-------- Data block

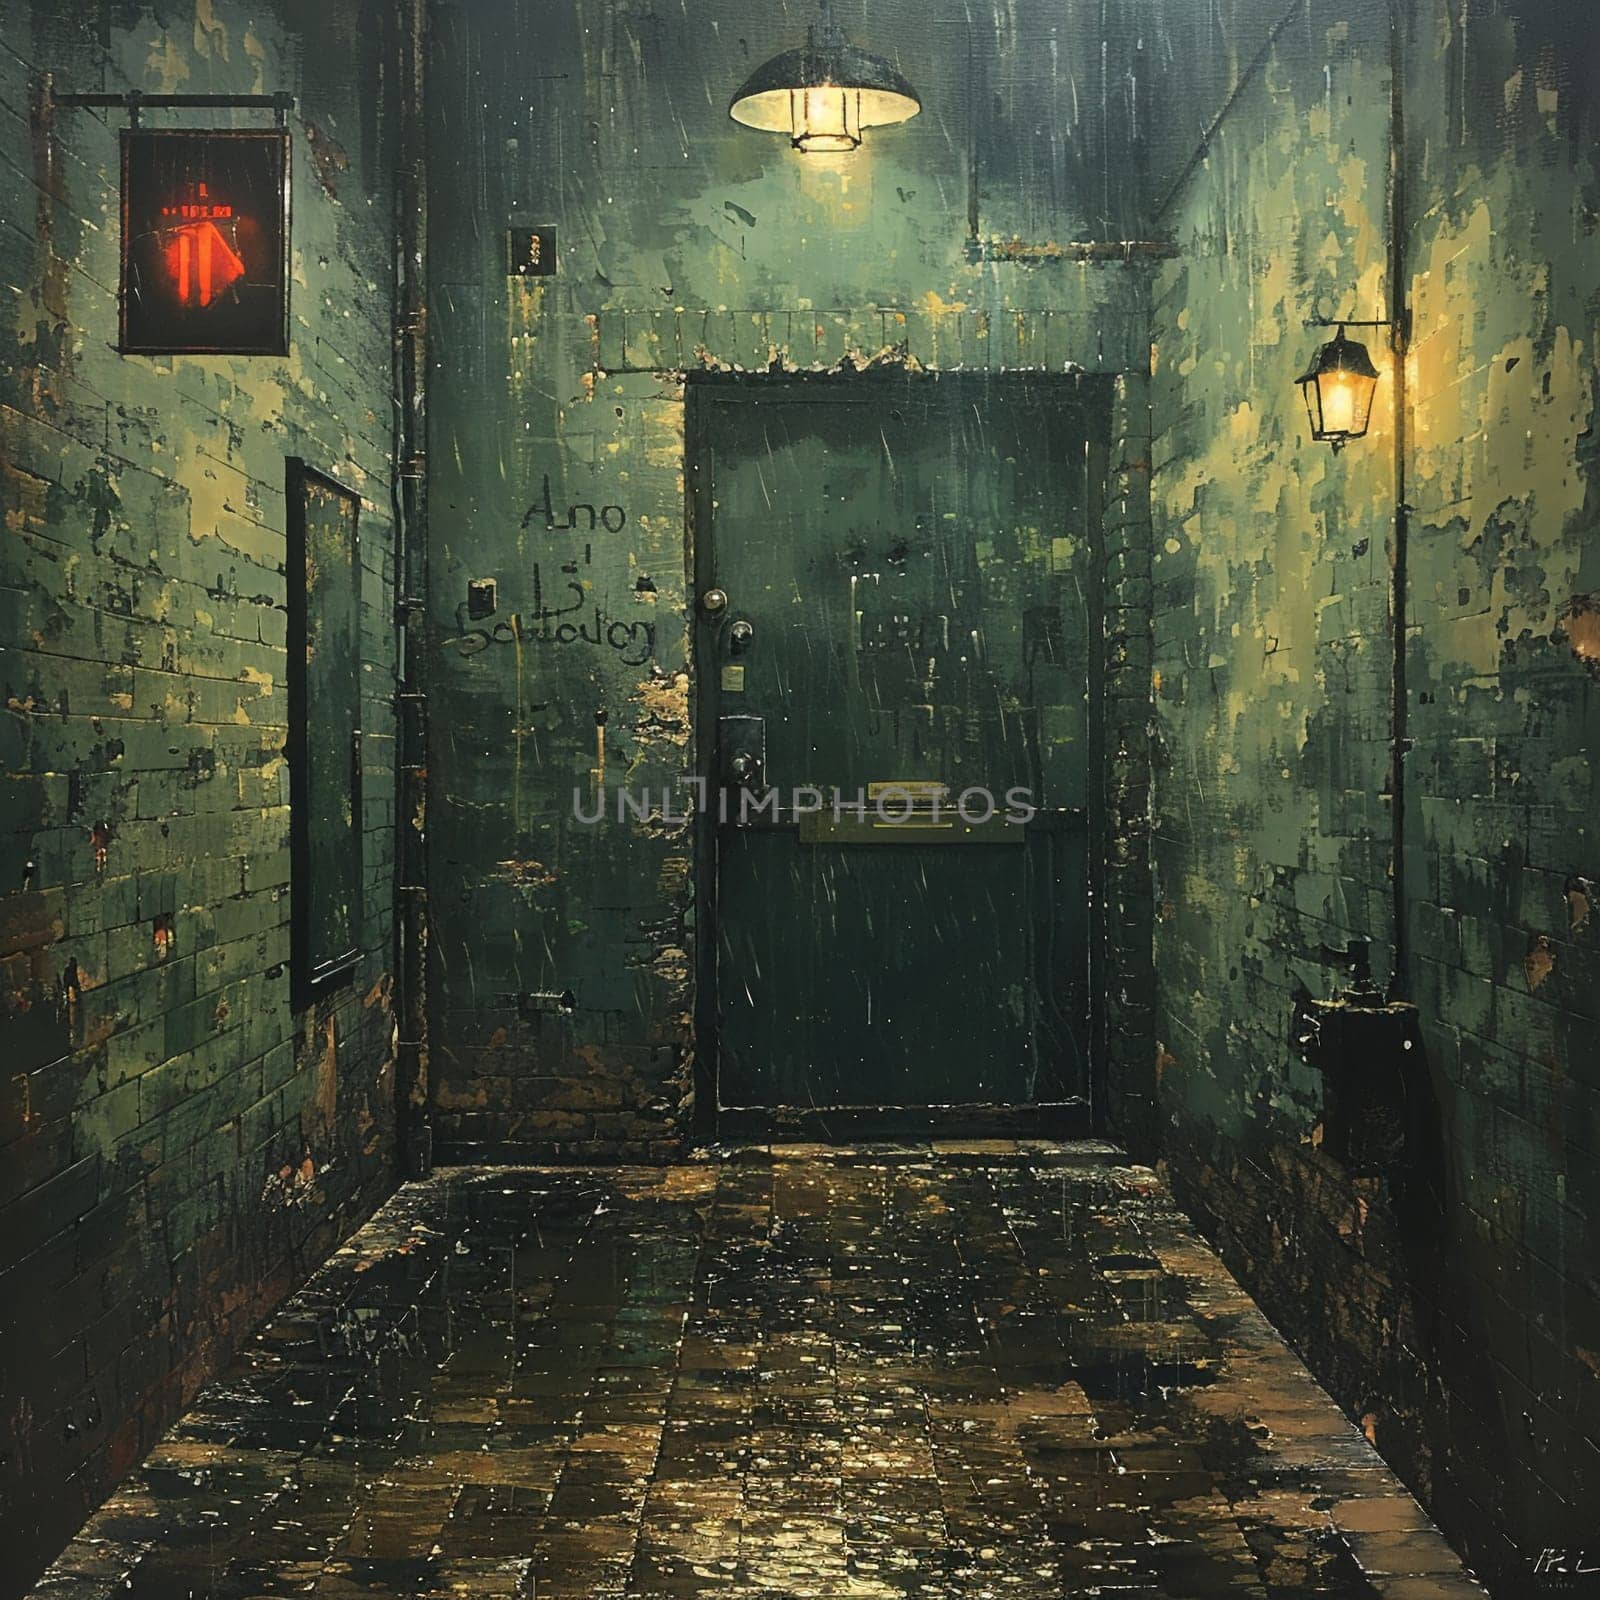 Alleyway sanctuary scene painted with a focus on soft lighting and quiet details in acrylics.
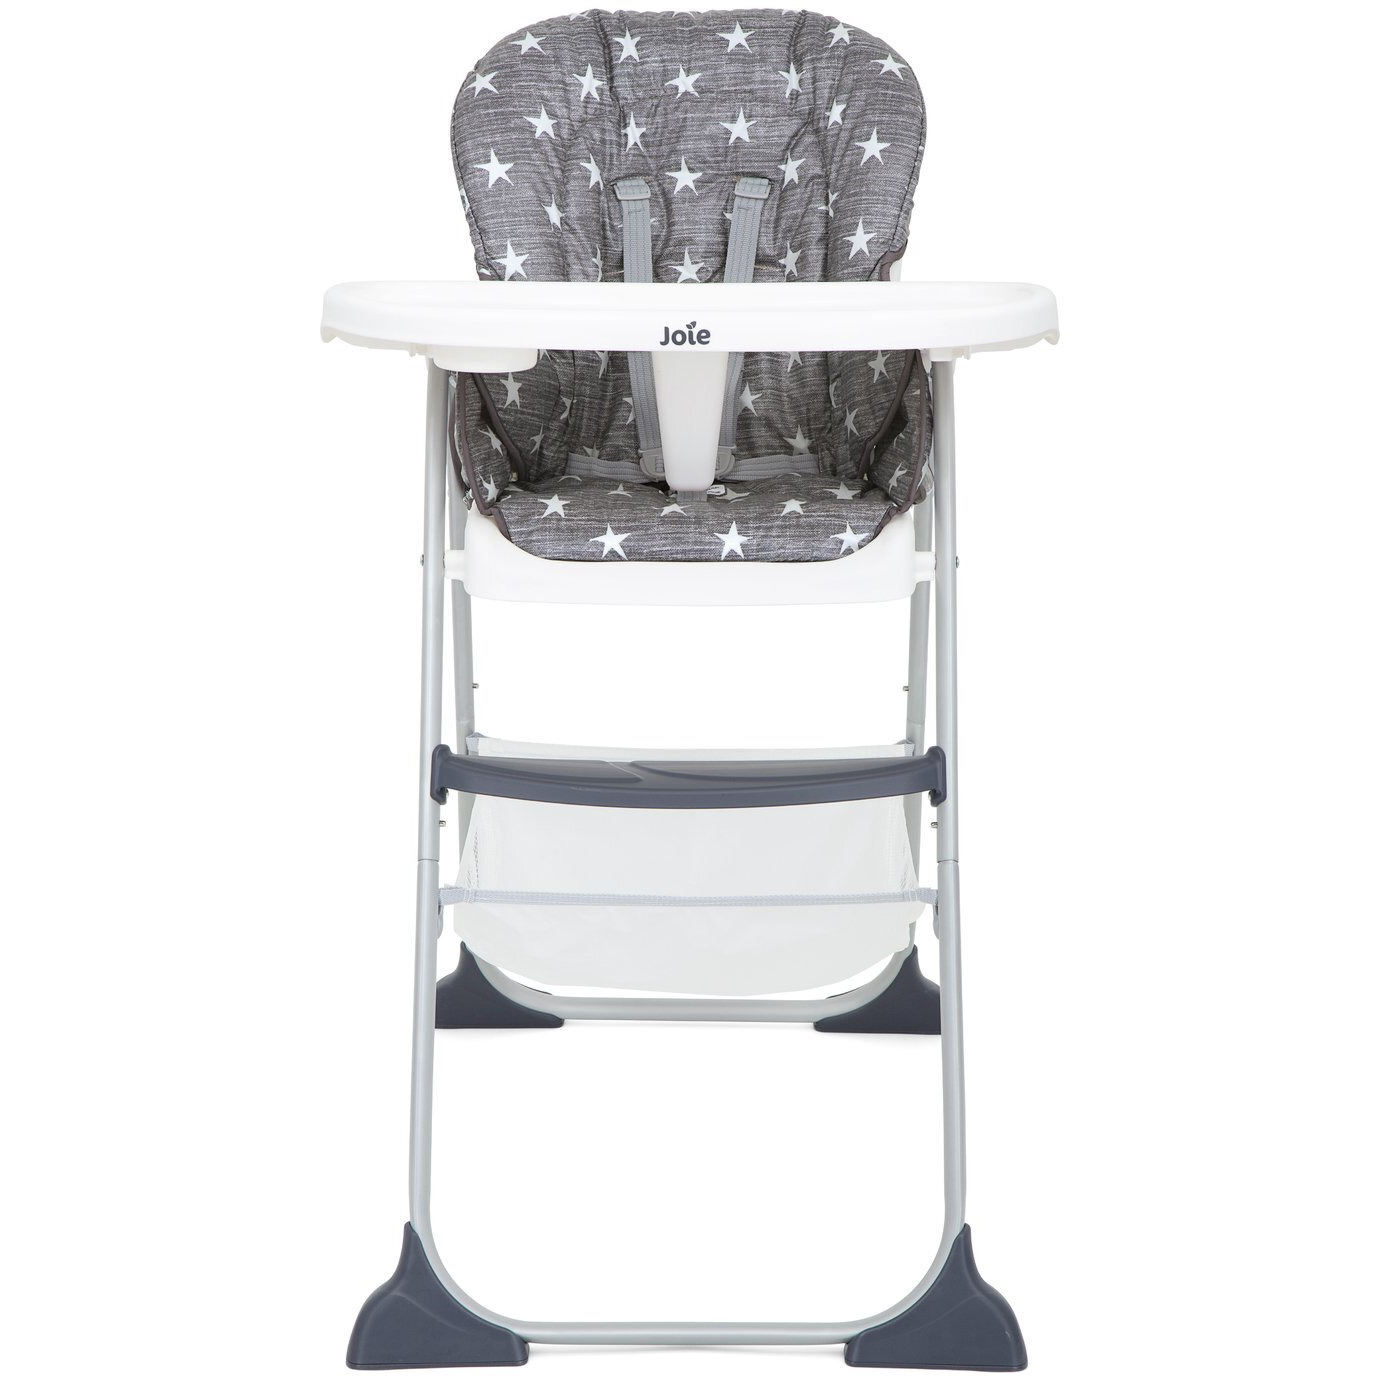 Joie Mimsy Snacker Highchair - Twinkle - image 1
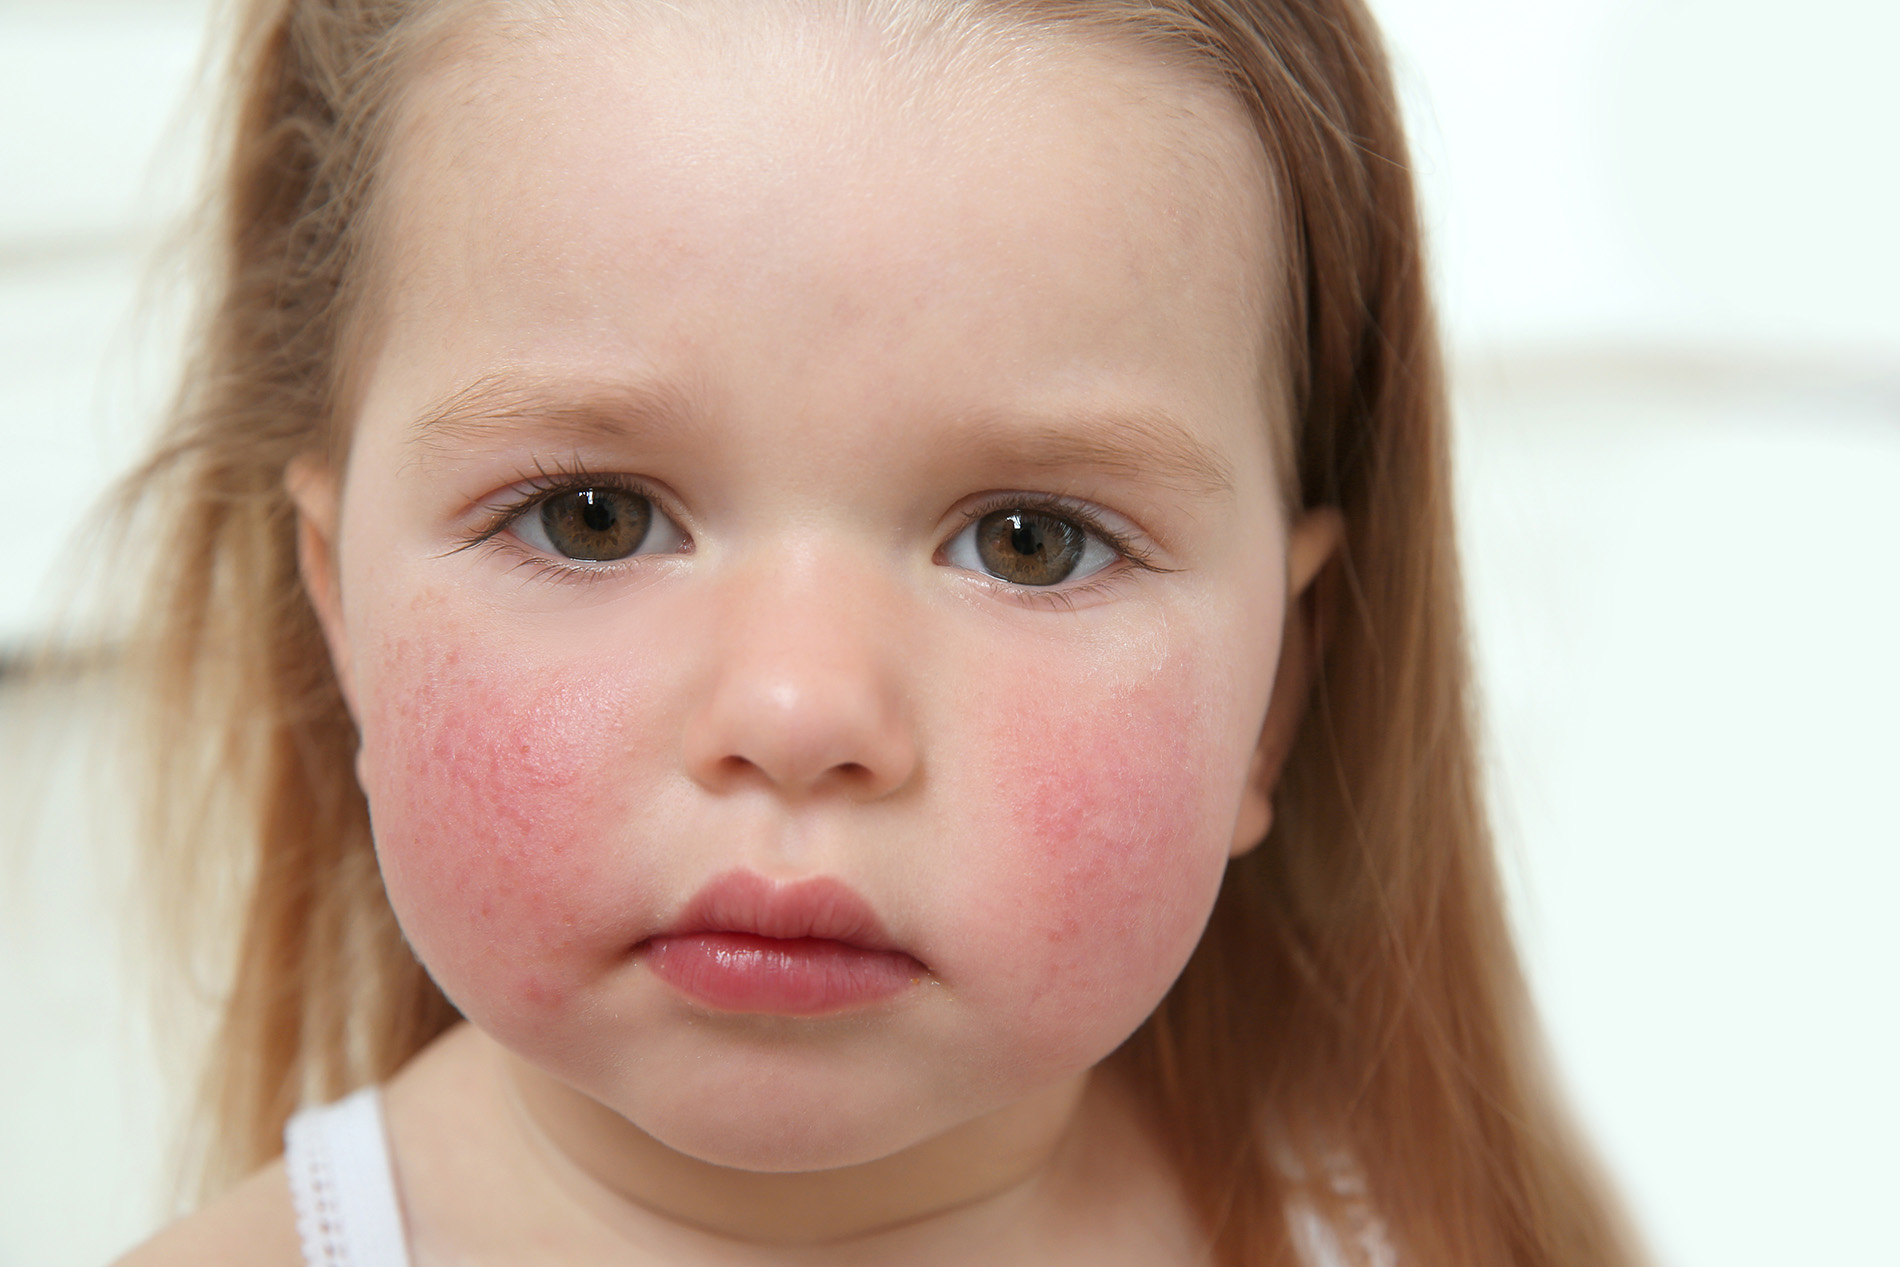 Little girl with red rash on face from Fifth's Disease

----------------

→ **Prompt**
Reproduce the lines of the listing exactly, starting at the one that contains "Joie Mimsy Snacker" and continuing through the final line, but leave out the pictures.

→ **Answer to the exercise**
 Joie Mimsy Snacker Highchair - Twinkle - image 1
 Little girl with red rash on face from Fifth's Disease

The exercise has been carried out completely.